The publishing industry can be difficult to navigate. This project is an attempt to find the most prominent literary agents using some simple scraping and relationship mapping.
The methodology is fairly simple and uses some shell commands to extract data.
A Google search for "best fiction 2017" yields a decent number of URLs to bestseller lists. The content from these pages can be downloaded for parsing:
mkdir best-fiction-2017.data
cat best-fiction-2017.urls.txt | xargs -P8 -I {} sh -c 'curl {} > best-fiction-2017.data/$(echo {} | md5sum | cut -d\ -f1) || true'
The downloaded content can then be parsed by looking for "by Some Author" strings.

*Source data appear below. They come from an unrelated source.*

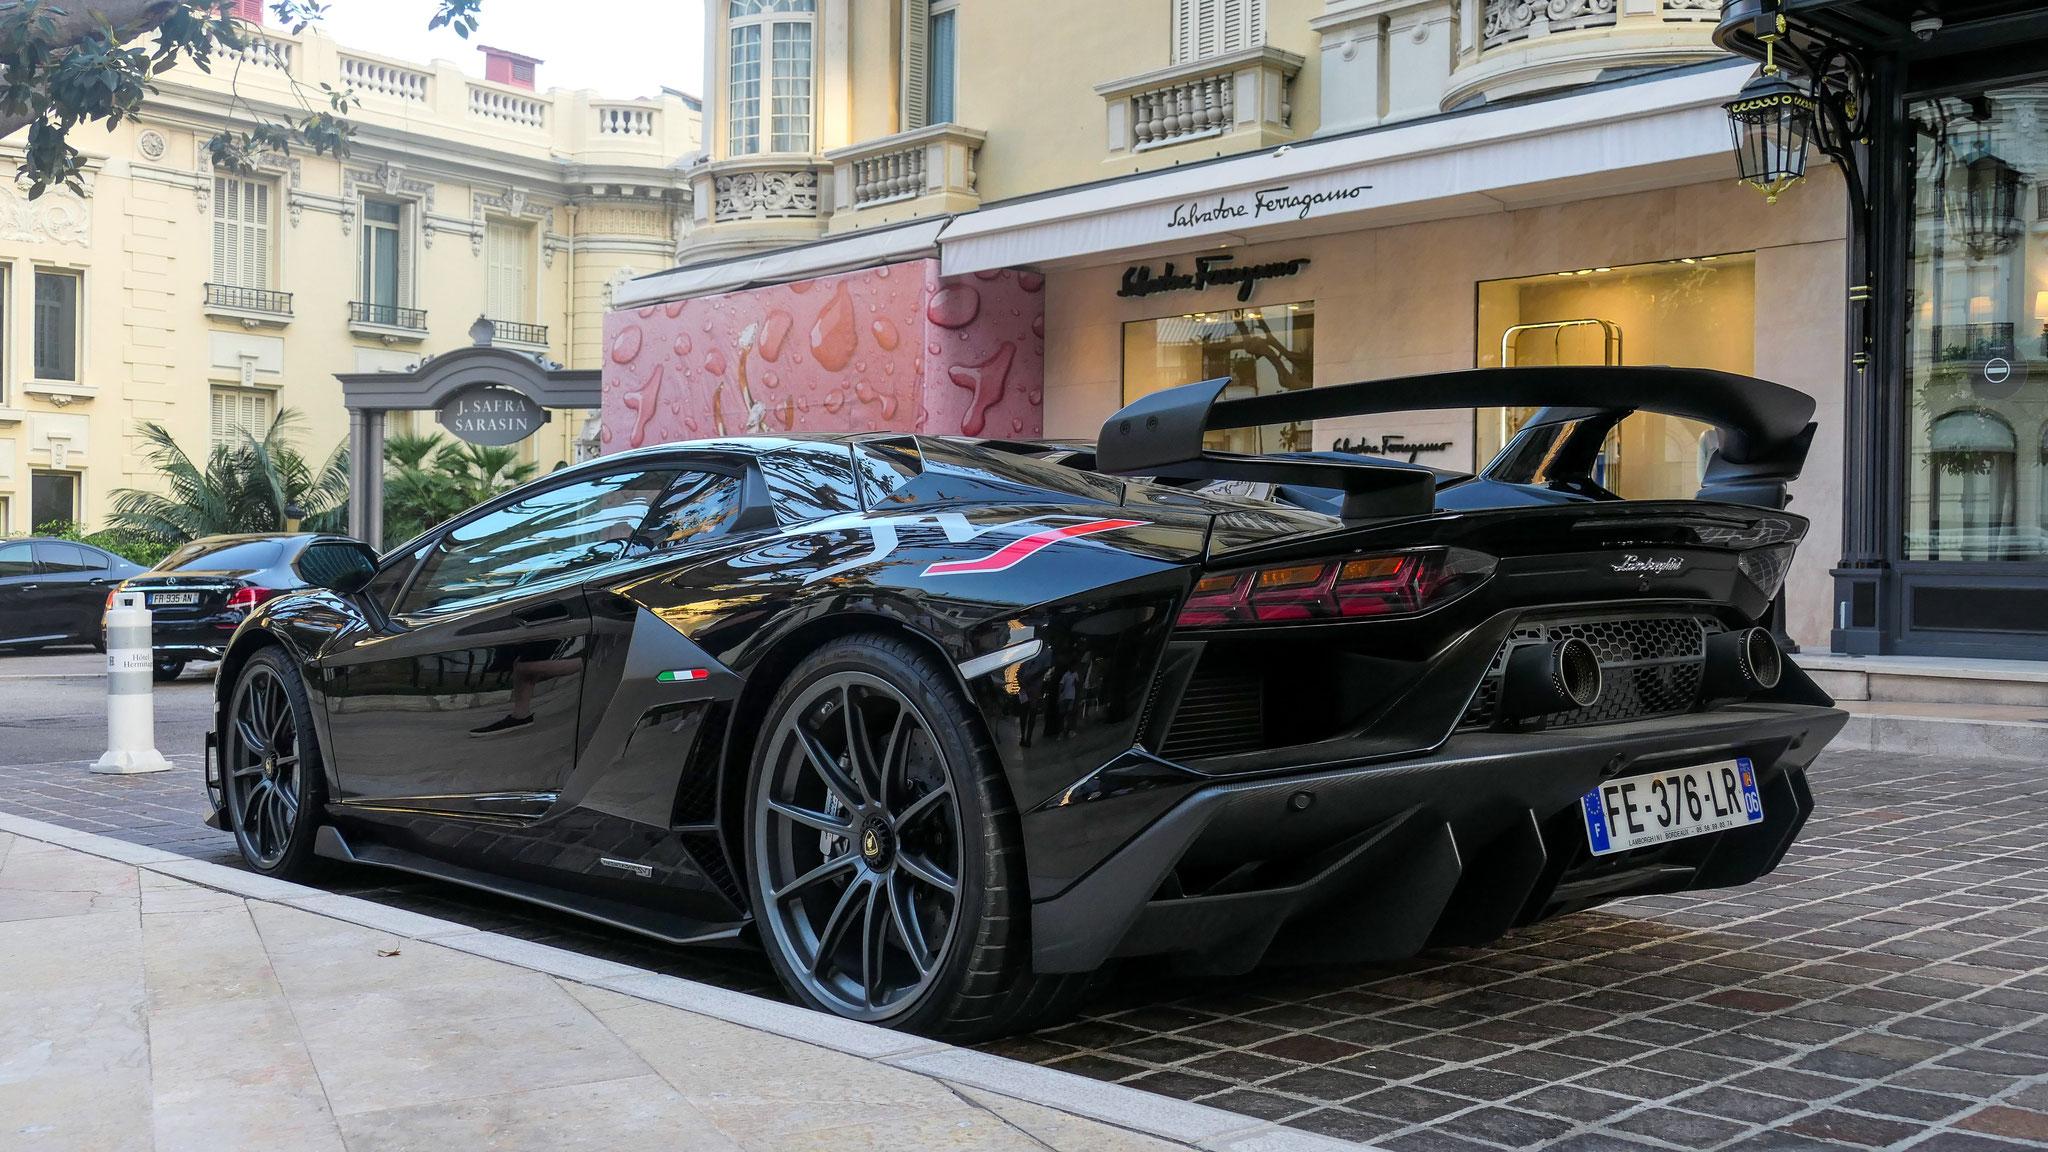 Lamborghini Aventador LP 770 SVJ - FE-376-LR-06 (FRA)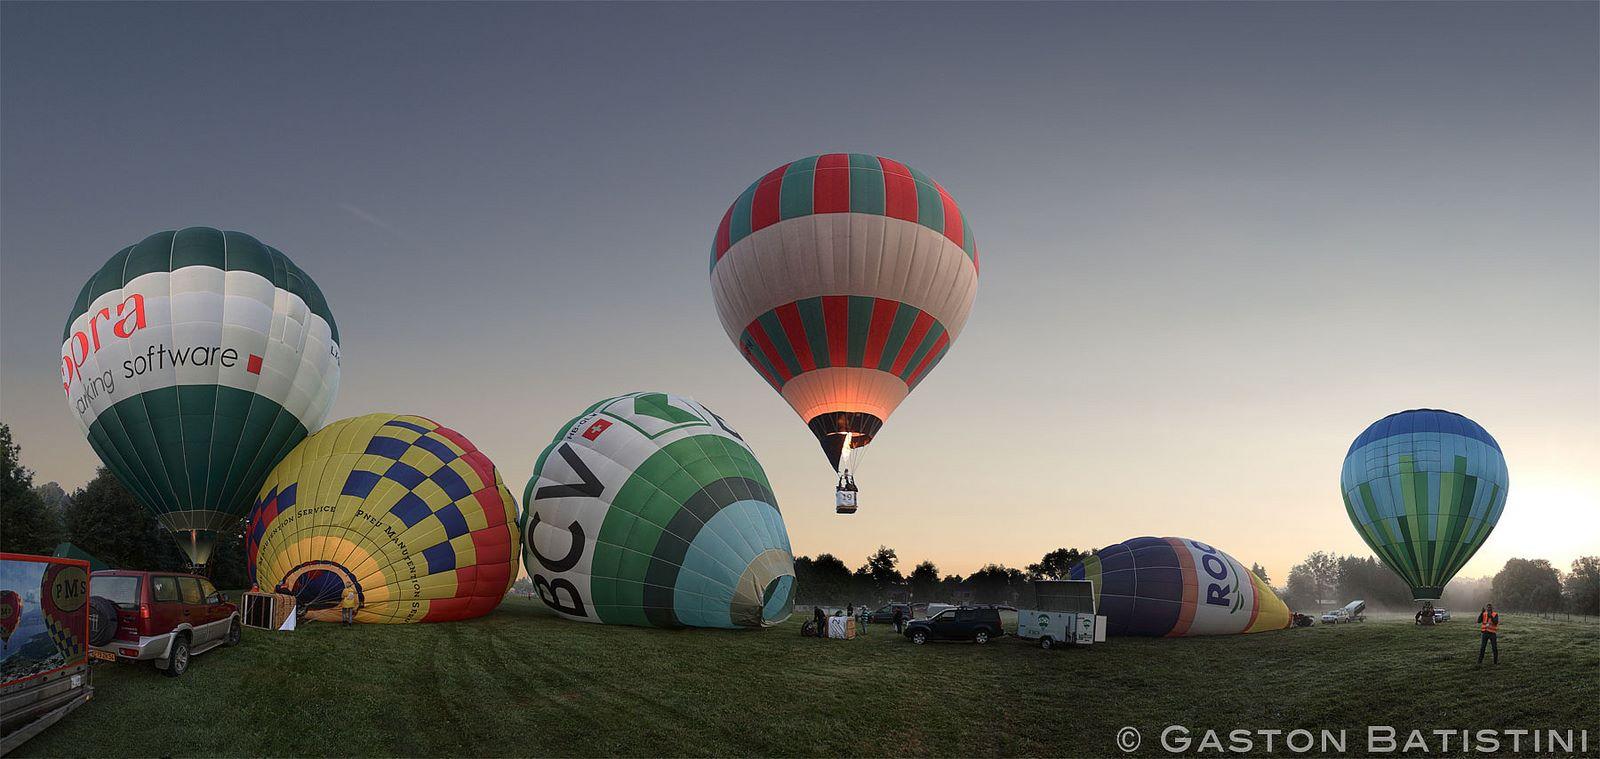 Weekend 21-23 augustus - Hottolfiades: le 20ste editie van heteluchtballonnen festival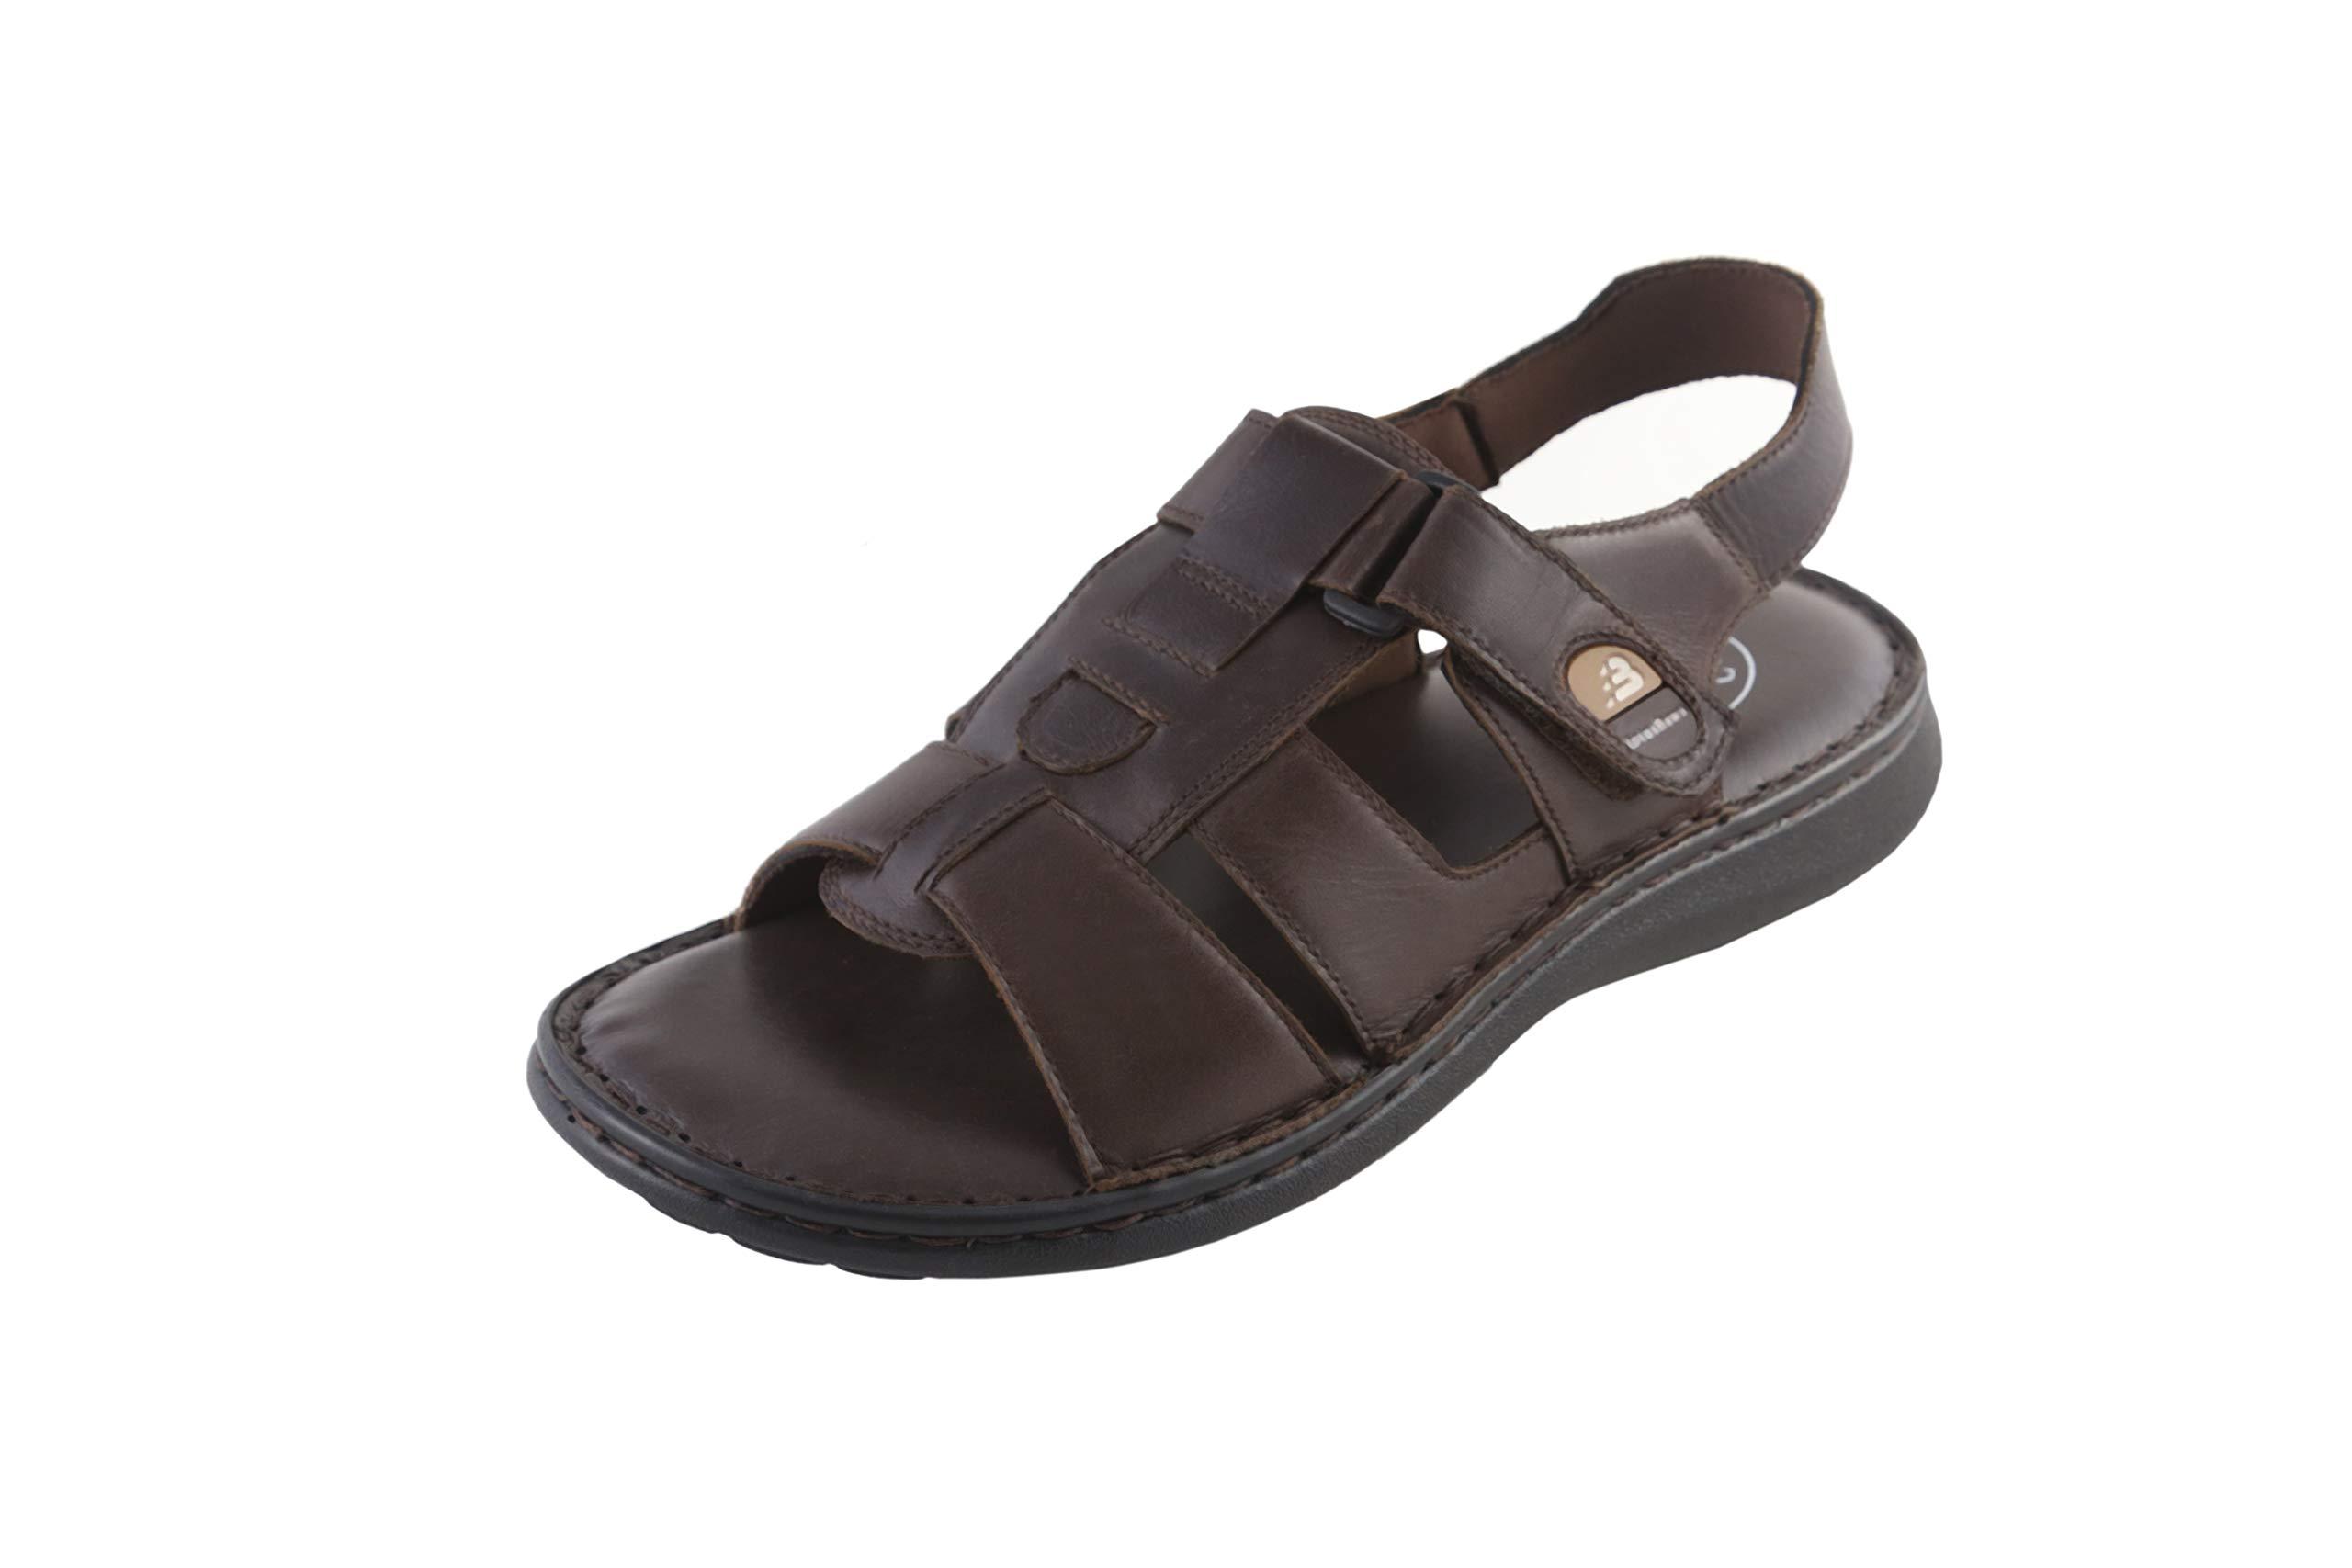 LOTUS BAWA Men's Fisherman Sandals Genuine Leather Breathable Open Toe Non-Slip Adjustable Summer Beach Wear Slippers-Brown

This yields a number of spurious entries, but because we're mapping it to agent listings later on, it won't matter.
cat best-fiction-2017.data/* | grep -o 'by [A-Z][A-Za-z]\+ [A-Z][A-Za-z]\+' | cut -d\ -f2- | sort -u > best-authors-2017.txt
The site, pw.org, has a good list of literary agents specializing in literary fiction. I had to resort to writing Python code to clean and restructure the content. This list can be acquired with the following commands:
curl 'https://www.pw.org/literary_agents?filter0=9677&field_electronic_submissions_value=All&items_per_page=All' > literary-agents-pw-org.html
xmllint --html --xpath "//li[contains(@class, 'views-row')]" literary-agents-pw-org.html | xmllint --html --xpath '//text()' - | cut -d\: -f2 | sed 's/^[\ ]\+//g' > literary-agents-pw-org.txt
python literary_agent_parsing.py --input-file literary-agents-pw-org.txt | sort -u > literary-agents.txt
The final artifact is the literary-agents.txt
file, which is a CSV file containing author,agent,agency
. Again there are some spurious entries given HTML special characters, etc. You'll need to remove any entries starting with a ,
, i.e. agents with no represented authors.
Now that we have the best-authors-2017.txt
and literary-agents.txt
file, we can perform a simple join
command to get the list of agents and agencies associated with the bestsellers of 2017:
join -t ',' best-authors-2017.txt literary-agents.txt
This yields the small list below:
Author | Agent | Agency |
---|---|---|
Annie Proulx | Liz Darhansoff | Darhansoff Verrill Feldman Literary Agents |
Celeste Ng | Julie Barer | The Book Group |
Claire Messud | Georges Borchardt | Georges Borchardt |
Colson Whitehead | Nicole Aragi | Aragi Inc. |
Dan Chaon | Renée Zuckerbrot | Massie & McQuilkin |
Dexter Palmer | Susan Golomb | Writers House |
Diksha Basu | Adam Eaglin | Cheney Associates LLC |
Elizabeth Strout | Molly Friedrich | The Friedrich Agency LLC |
Emma Cline | Bill Clegg | The Clegg Agency |
Erik Larson | Gary Morris | David Black Agency |
Gabrielle Zevin | Douglas Stewart | Sterling Lord Literistic Inc. |
Jhumpa Lahiri | Eric Simonoff | William Morris Endeavor |
Joshua Ferris | Julie Barer | The Book Group |
Julie Buntin | Sarah Bowlin | Aevitas Creative Management |
Lauren Groff | Bill Clegg | The Clegg Agency |
Lidia Yuknavitch | Rayhané Sanders | Massie & McQuilkin |
Maria Semple | Anna Stein | ICM Partners |
Michael Chabon | Dan Kirschen | ICM Partners |
Michael Chabon | Mary Evans | Mary Evans Agency |
Neal Stephenson | Liz Darhansoff | Darhansoff Verrill Feldman Literary Agents |
Ottessa Moshfegh | Bill Clegg | The Clegg Agency |
Paul Auster | Carol Mann | Carol Mann Agency |
Paul Yoon | Mitchell Waters | Curtis Brown Ltd. |
Rachel Khong | Sarah Bowlin | Aevitas Creative Management |
Samantha Hunt | PJ Mark | Janklow & Nesbit Associates |
Sarah Perry | Susan Golomb | Writers House |
Sophie Kinsella | Kimberly Witherspoon | Inkwell Management |
Stephen King | Liz Darhansoff | Darhansoff Verrill Feldman Literary Agents |
Thomas Mullen | Susan Golomb | Writers House |
Weike Wang | Joy Harris | The Joy Harris Literary Agency Inc. |